The System Is Not Built for Teachers to Have an Opinion

Built for Teachers

I’m a teacher in the UK. I used to teach in a school that had many problems. The school was oversubscribed, and the parents of students that attended the school were frustrated by the lack of facilities and opportunities for their children. I witnessed this first hand. The parents of students at my school were frustrated by the school’s poor performance and the lack of opportunities for their children. I was frustrated by the poor performance, and the lack of opportunities. We all have opinions about the school, and the teachers, and the system.

All teachers are meant to be impartial, but it’s easy to see how teachers sometimes do stray from that notion. When it comes to the new standards-based testing system, the idea of the teacher “opinion” needs to be taken seriously. The new system is a set of standards that outline what students should know by the end of the year. The state has tested each grade level since 2006, and this year marks the first time the test is tied to the new standards.

Last week, the New York Times published an op-ed that illustrated the lengths to which teachers are pushed to give up their personal opinions in the classroom. The op-ed was written by a teacher at a private school in New York City and it discussed a New York state law that requires teachers to follow a uniform curriculum, which states that teachers are not allowed to teach “subjects that state or federal law specifically authorizes a teacher to teach.” The law has been in place since 1998, but was only recently enforced in New York City.. Read more about what makes a good teacher and let us know what you think.

At the end of the 2020-2021 school year, I experienced the most significant divorce of my life. Here’s my unexpected departure from teaching …..

The expensive profession of teacher,

Je ne sais pas quoi dire, alors je pense que je vais parler avec mon coeur. I’ve tried to ignore the signs, but I can say with certainty that it’s time to move on. Please, let me explain…

We have had a wonderful journey over the past 13 years, but there are things in our relationship that I can no longer ignore. I would like to say: It’s not you, it’s me. But that would be a lie.

But that’s not really up to you either. It’s literally everything else that makes our relationship far more complicated than it needs to be – politicians, society, a collective disrespect for our profession, an unfair system, attacks on anti-racist educators, etc.

I never thought this day would come. I thought we were going to make it, I really did. There was a time when I would have done anything for you – that I would have compromised and sacrificed every other aspect of my life to stay, including my personal life and my sanity. But over the past year, the problems in our relationship have worsened, and I feel like I’ve lost my voice.

To be painfully honest, I have admitted to being judgmental when other educators have decided to end their relationship with their own teaching careers by leaving their classrooms. I never thought I’d be one of them. But here I am, cleaning up room 26, turning off the lights and closing the door one last time.

This decision was not easy for me. It’s one of the three hardest decisions I’ve ever had to make, surpassed only by the decision of whether or not to have kids and whether or not to get a PhD (note: kids – no. PhD – yes).

I experienced an overwhelming sense of indecision, followed by tears and ambivalence. If I were older, closer to retirement, would I consider staying? Maybe I can hold on. I mean, who wants to start over?

And just so we’re clear: We are not alone. Many relationships face similar challenges at the end of this school year.

In a recent EdWeek survey, 54% of teachers said they were likely or very likely to leave their classroom in the next two years, and 84% said teaching had become more stressful since the pandemic.

In the end, I had to ask myself the following questions:

  • What do you want my legacy to be? Most of all, I want to empower the next generation of teachers to have their collective voice heard so that they are better prepared to stand up for our profession and our students and not have to experience the heartbreak that I experienced this year.
  • Where can I have the most effect? Most people think I have the most influence in my class, and there is no denying the irony of my leaving. But to achieve the above goals, it seems necessary to get out of the classroom.

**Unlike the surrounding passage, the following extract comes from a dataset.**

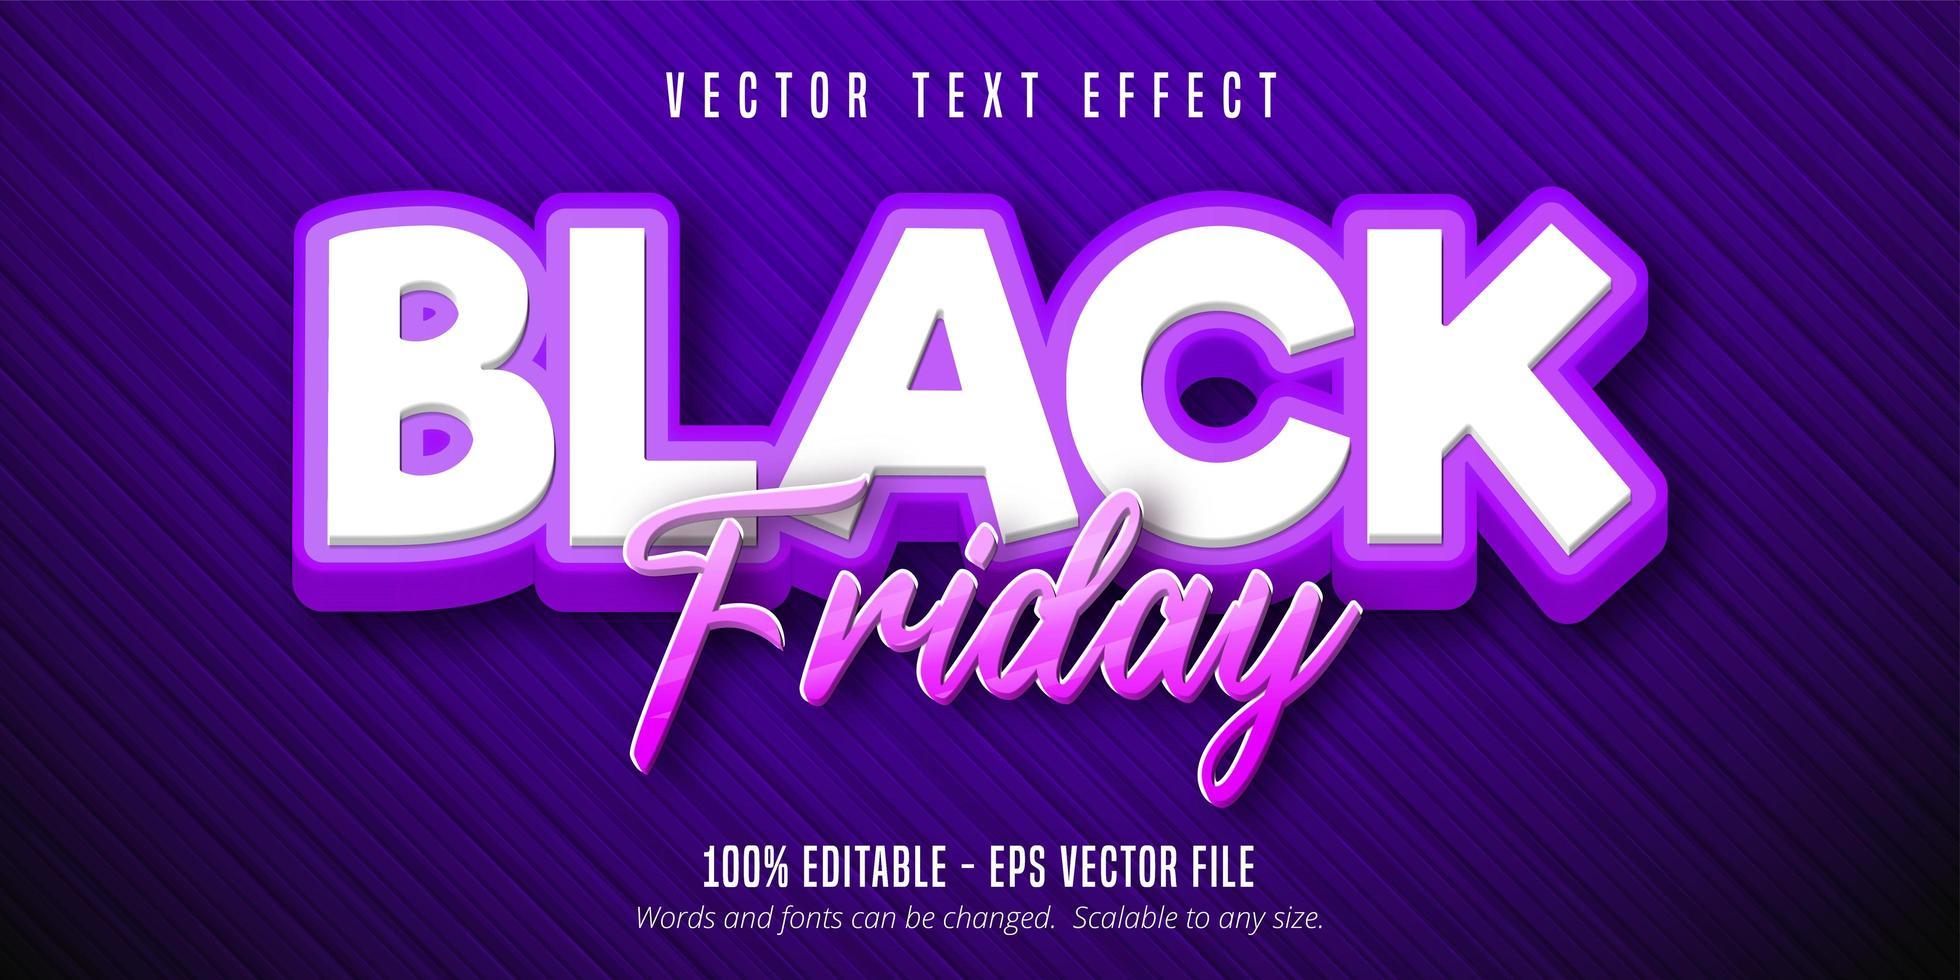 zwarte vrijdag cartoon-stijl bewerkbaar teksteffect vector

I know this makes no sense to you, but I also know that I can no longer defend our profession loud and clear within the walls of my classroom. The system is not designed for teachers to have opinions that challenge the status quo, and there is a reason why so many teachers feel they have to leave their classrooms to defend education. You’re right, it’s not fair. But that’s how it has to be now.

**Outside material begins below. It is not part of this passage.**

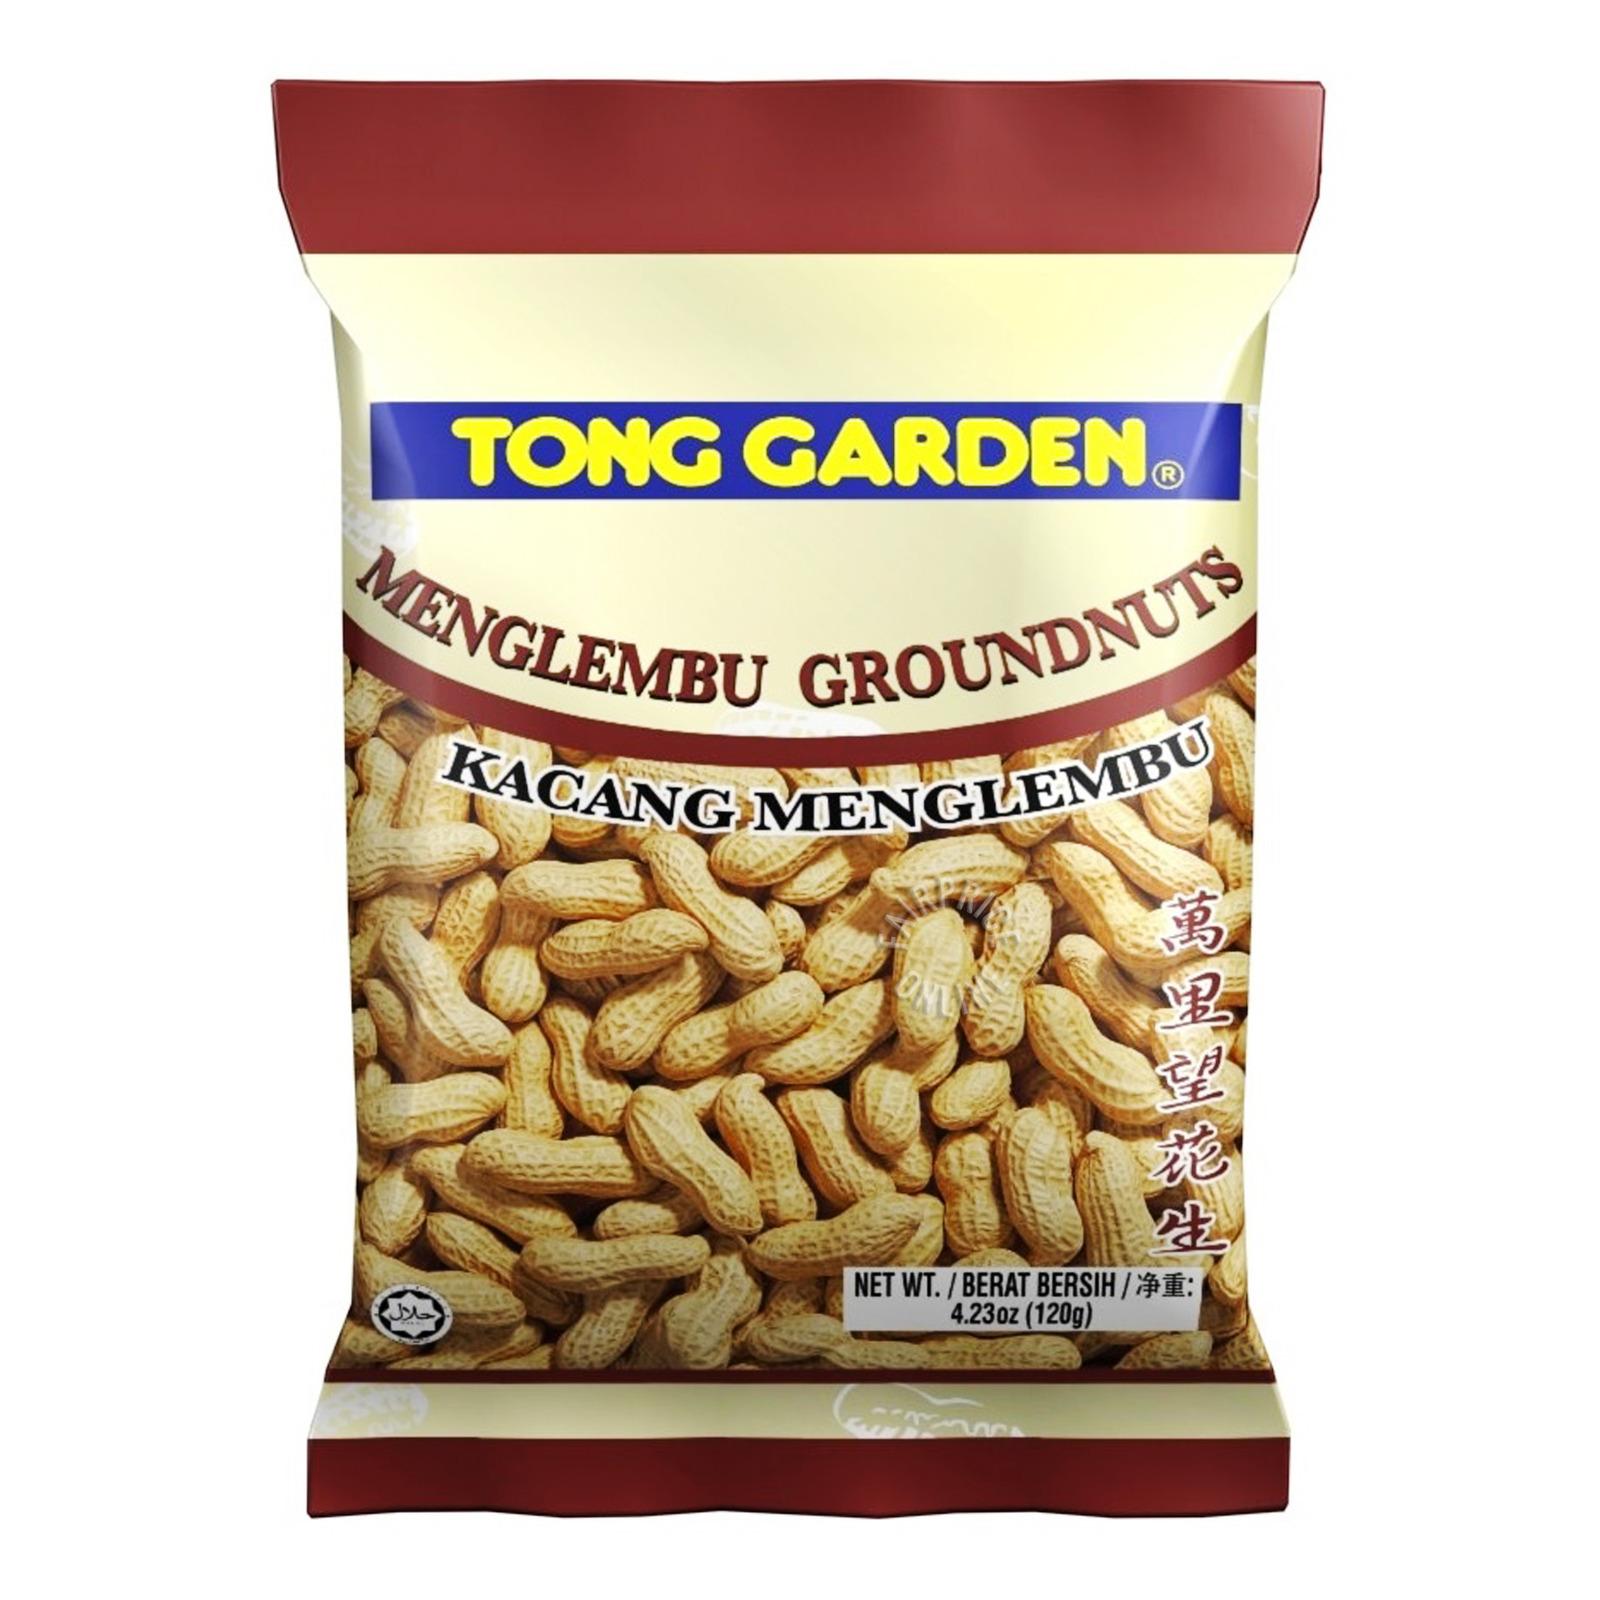 TONG GARDEN Menglembu Groundnuts 120g

In the spirit of transparency, I have met someone else and am going to work in a field where I can advocate for education without fear of retribution or punishment. But don’t take this rejection to heart.

The time we have spent together has been wonderful and we should be proud of that. Still, this will be my last letter – the sense of closure I need to officially move on to the next phase of my professional life.

We will always have fond memories of it, especially the relationships we built with the students. And just to be clear, I’m not leaving because I don’t like my students. Absolutely, yes, absolutely. In fact, it’s because of them that I’ve lasted this long.

It’s not that I don’t love you. I truly believe with all my heart. My life is richer because you are here and I will always love you. I’m devastated, but I have to change course now to better defend our profession.

I will never forget you and I will always cherish the time we spent together. De bien des façons, tu seras toujours le plus grand amour de ma vie. Until we meet again… Bye-bye.